2.1 Study area The study has been conducted in the Narsingdi district of Bangladesh. It is located at 235501200N, 904304800E in central Bangladesh and 50 km northeast from the capital city of Dhaka. Topographically, the district lies at an altitude of 3 masl (meter above sea level) with an annual average temperature of 36 C maximum, 12.7 C minimum and 2,376 mm of rainfall. It comprises a total area of 1,140.76 km2 of which the total and vegetable cultivated areas are 87,447 and 15,000 ha, respectively. Administratively, Narsingdi district belongs to six upazilas (sub-districts), 69 unions (collective forms of some villages) and 1,060 villages. According to a survey conducted in 2011, the total population of the district is 2,202,000 with a moderate literacy rate of 55 %. Agriculture is the main occupation of majority of the people (42.41%) followed by service, commerce, transport and others (DAO 2013). Narsingdi district is one of the most important regions in Bangladesh in vegetable production and pesticide application intensity. In Bangladesh, it is the area which is a hot spot for vegetable production, at the same time a hot spot for pesticide application as the vegetables receive the highest amount of pesticides per application and the highest application frequency (Ispahani Biotech 2010). Because of the positive correlation between vegetable production and pesticide application, the government started IPM dissemination activities in the area from the start. Eggplant, cucurbits, tomato, bean, okra, cabbage and cauliflower are the most cultivated vegetables. Irrespective of the type of vegetables, pest infestation is a common scenario. That is why the farmers are concerned about pest control. They manage pest by following a number of techniques such as biological control, manual cleaning, soil amendments, soil solarization, botanicals, pheromone traps and chemical pesticides.
2.2 Methods of data collection The study uses mainly primary data collected through a household survey. The survey was conducted using a structured questionnaire that comprised both open and close questions.

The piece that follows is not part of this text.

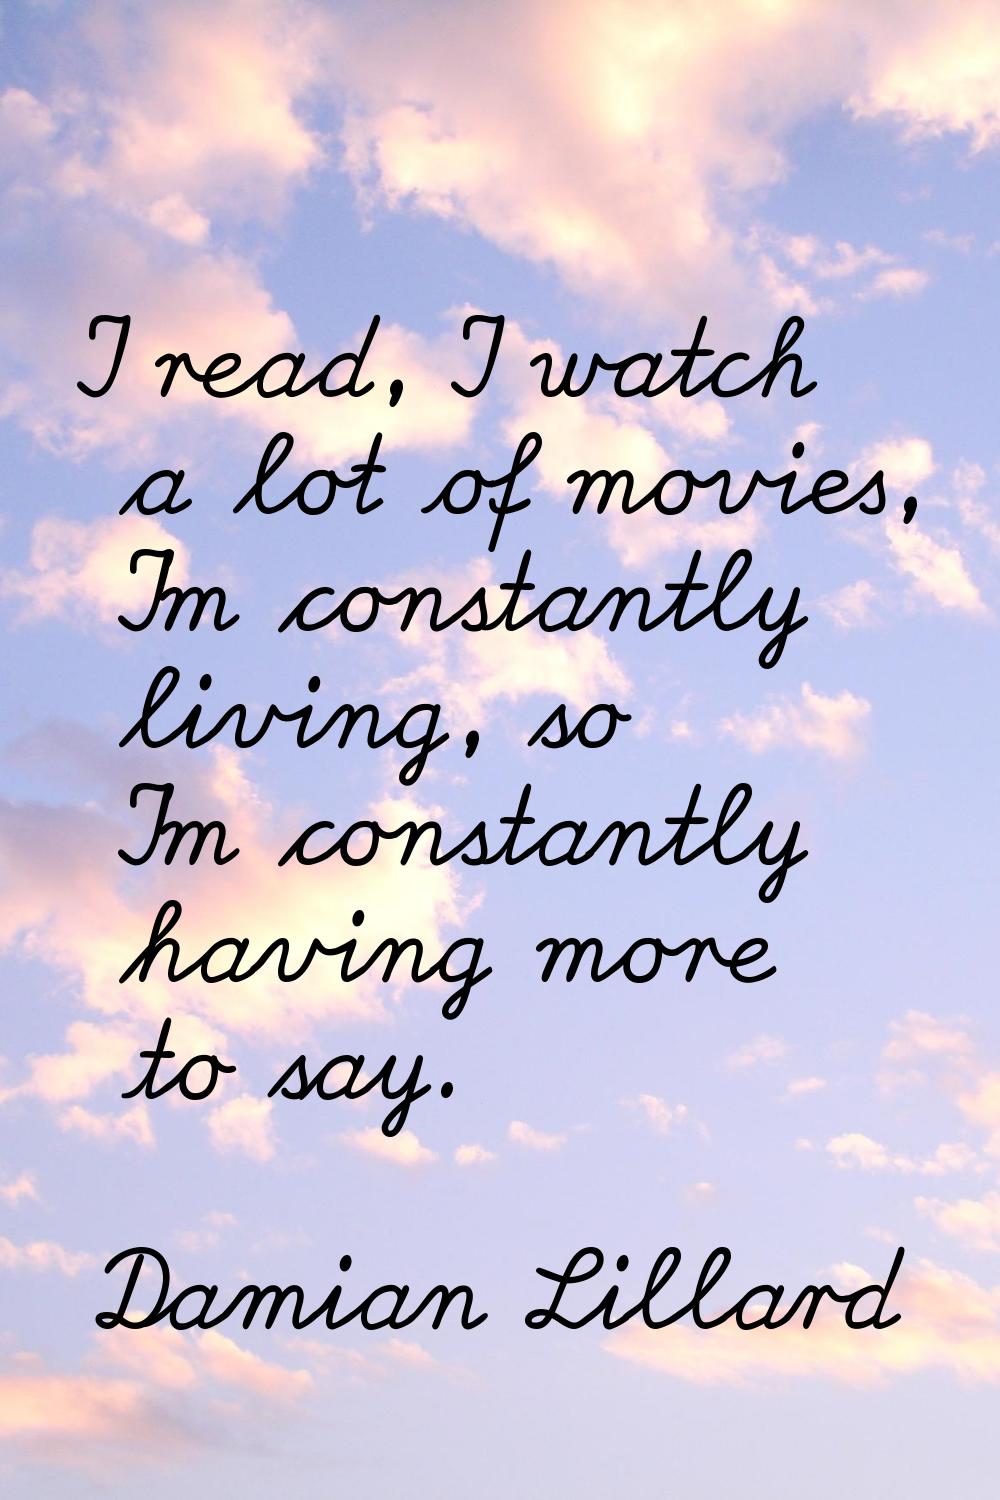 I read, I watch a lot of movies, I'm constantly living, so I'm constantly having more to say.

The questionnaire was prepared and finalized through three consecutive stages. In the first stage, some social, economic, institutional and management characteristics of the vegetable growers and a list of vegetable IPM technologies were preliminary recorded from the literature review. In the second stage, an informal discussion was held with the personnel of the plant protection wing of the Department of Agricultural Extension (DAE), Bangladesh Agricultural Research Institute (BARI) and the agriculture office in concern. In the third stage, a pilot survey was conducted with a few vegetable growers. The questionnaire contained two sections where some social, economic, institutional and management factors relating to the vegetable growers of the study area were present in the first section. The lists of IPM technologies suitable for vegetable cultivation that since exist in the study area are presented in the last section.

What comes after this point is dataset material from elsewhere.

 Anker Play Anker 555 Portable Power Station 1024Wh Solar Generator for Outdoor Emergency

2.3 Determination of dependent variables There exist a number of IPM techniques in Bangladesh though all are not suitable for vegetable farming. All suitable vegetable IPM technologies, except for grafting, were practiced in the study area for a long time. The farmers who used at least one or more from these recommended practices, as well as pesticides, were considered as IPM adopters. By contrast, those who only used pesticides were considered as non-adopters. Alternatively, it can be said that the adopters used a combination of various methods, whereas the nonadopters used only chemical method. The method is similar to the method mentioned in the study conducted by Dasgupta et al. (2006) and Fernandez-Cornejo et al. (1994) who determined the adopters/non-adopters of IPM on the basis of some selected IPM technologies that were consistent with crops and exist in the study area for a long time. The rate or level of IPM adoption, which was calculated through distinguished adopters and nonadopters, was considered as a dependent variable. However, the farmers who were considered as IPM adopters were assumed to be of a variety according to the number or types of practices. This variation was also considered as another dependent variable. Therefore, the study relied on two dependent variables; the adoption rate of IPM and adoption intensity of IPM practices. The first dependent variable (adoption of IPM) was a binary variable and was coded as 1 for those who adopted at least one or more IPM practices and 0 for those who used pesticides only. On the other hand, to measure the second dependent variable (adoption intensity of IPM practices), the number of practices adopted by an individual was initially counted. Irrespective of the type of practice, a score of 1 was assigned to the practice adopted by the farmers. Then, all the scores were aggregated and divided by 6 (total number of practices) to obtain a composite index of the adoption intensity of IPM practices (Haque et al. 2010; Paudel and Thapa 2004). This index was considered as the second dependent variable.